Figure 6 shows the stress distribution above 0.7 MPa. Based on this figure, it is understood that the stress due to bending is likely to occur in the upper part of the vertebra, particularly in the upper front edge of the vertebral body, the pedicles, and the screw insertion point. Figure 7 shows that the stress distribution of 3.0 MPa or more was extracted in red color. This figure illustrates that it is impossible to reduce the stress applied to the upper anterior edge of the vertebral body, even with an increase in ORPS; however, it was possible to reduce the stress applied from the vertebral body to the pedicle and the screw insertion points.
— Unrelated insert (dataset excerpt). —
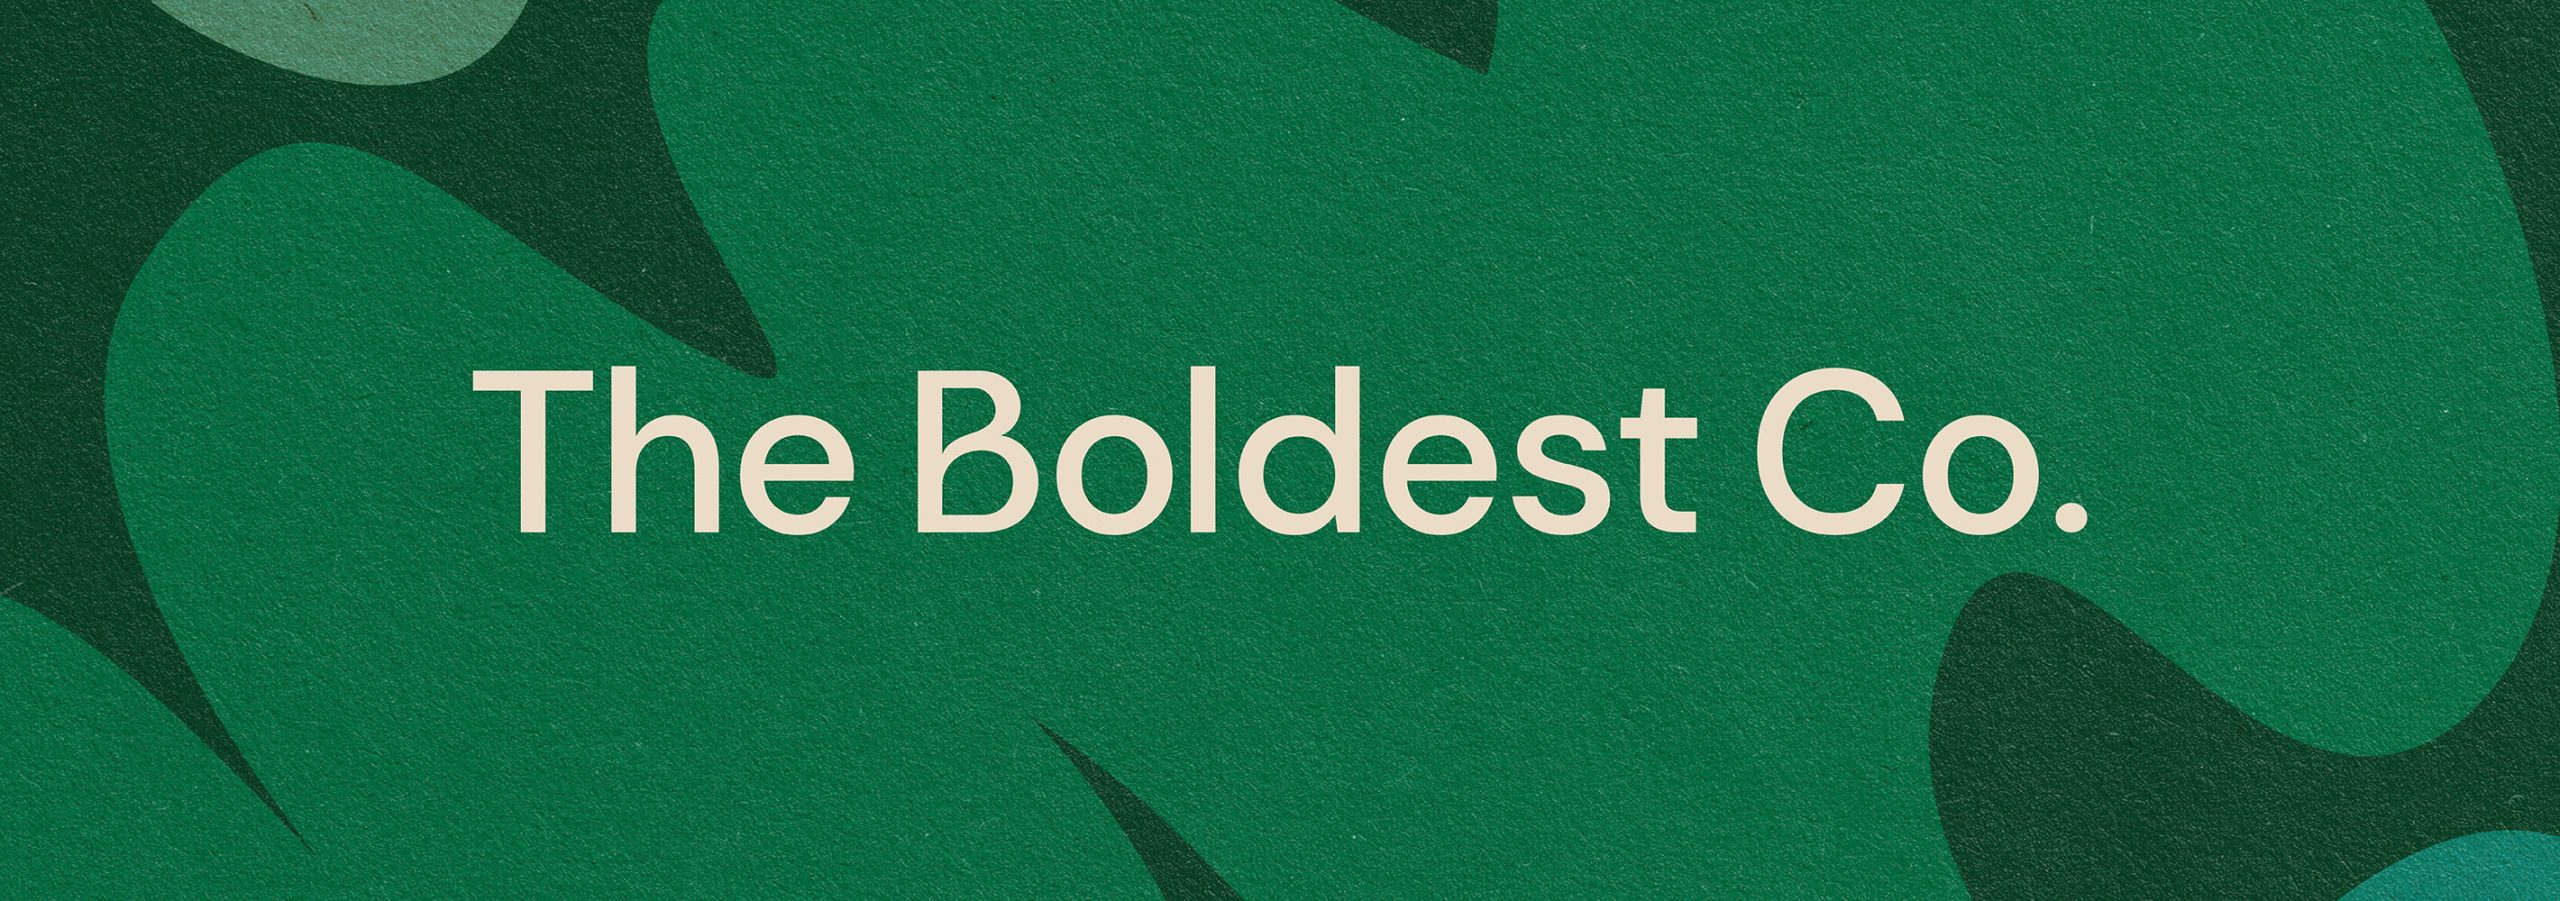 The Boldest Co logo sits on a green blob pattern background. The logo is a clean sans serif and features a slightly curvy ‘B’.
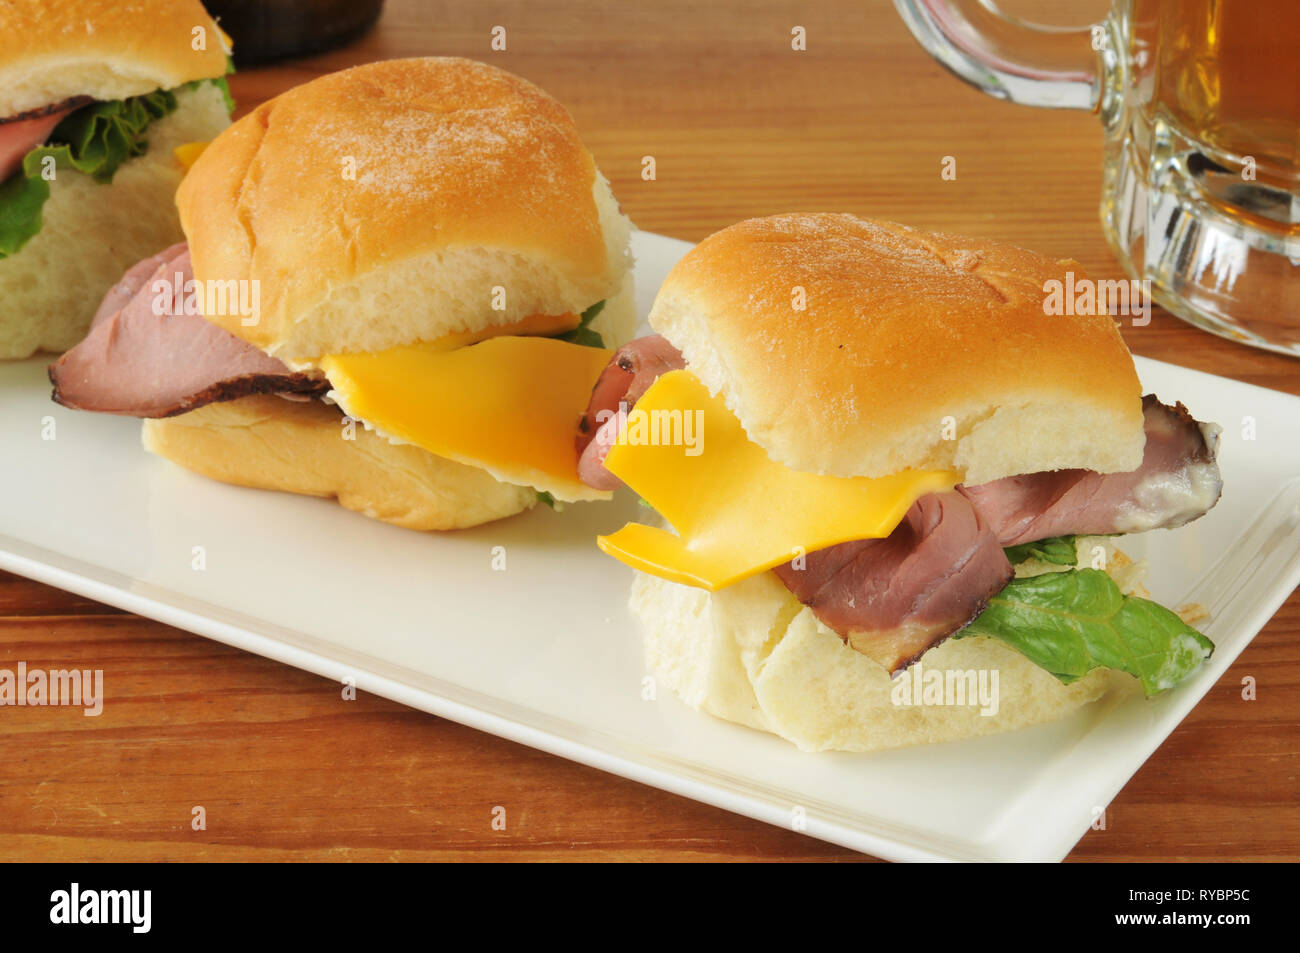 Roast beef sliders and beer on a bar counter Stock Photo

However, when focusing on the screw insertion point where the maximum equivalent stress is highest, it was 13.3 MPa and 14.8 MPa between 55 mm (ORPS 81.8%) and 60 mm (ORPS 93.9%) screw length, respectively, and the maximum equivalent stress could not be reduced by increasing the screw length.

It is difficult to prevent fractures of the anterior superior edge of the vertebral body even if the ORPS is high; however, it is possible to prevent fractures of the middle and posterior column. By contrast, if the ORPS is small, fractures of the middle and posterior column are a concern. In other words, it is thought that there is a high possibility of spinal cord injury due to unstable fractures and fractures near the spinal cord. These findings are supported by the previous study, in which all cases with paraplegia had an ORPS of less than 73%. ⁹ An FEA study by Wui et al indicated that bicortical screw fixation was also a risk of UIV fracture. Therefore, we should not use excessively longer screws to avoid bicortical screw fixation. ¹¹

This study had 6 limitations. First, our FEA model did not consider the tension of soft tissue such as muscle or skin, although the range of motion was validated using cadaveric specimens by Renner et al. ²⁶ Second, because this FEA model was a 30-year-old man, it is considered that the bone quality might be stronger than the case of patients undergoing ASD surgery. Moreover, whole spine alignment also should be quite different in young and elderly patients.

Therefore, it is not accurate whether the same results can be obtained with deformity surgery.

Third, because not only screw length but also diameter and trajectory may be related to equivalent stress distribution, it is necessary to compare equivalent stress distributions including screw diameter and trajectory in the future. Fourth, UIV fractures often occur in flexion motions while standing or sitting. Therefore, it is necessary to consider preload to approach more physiological conditions. In addition, in order to conduct motion analysis in general, it is necessary to consider not only flexion, but also extension, lateral bending, and rotation, which is also an issue for future study. ²⁹ Fifth, the center of rotation of the L1 vertebral body was the center of rotation in the load condition; however, in actual flexion of the lumbar spine, the center of rotation should be located further posterior. The stress distribution on the vertebral body should also be different when physiological and non-physiological stresses are applied. Therefore, further studies are needed to make the loading conditions more physiological. Finally, the long fixation performed in ASD surgery involves fixation from the thoracic spine to the pelvis. Therefore, we cannot deny the possibility that the FE model in this study has a shorter fixation range and a different stress distribution.

In conclusion, in this study, strong loads are applied to the superior anterior edge of the vertebral body, the pedicles, and the screw insertion site in L2 vertebra by simulating the flexion motion instead of the general compression force. However, increasing OPRS to 81.8% or more could reduce the load on the vertebral body, pedicle, and screw insertion parts. To avoid spinal cord injury due to UIV fracture, intraoperative radiographs should be taken and longer screws should be placed if the PS length in the UIV is less than ORPS 81.8%.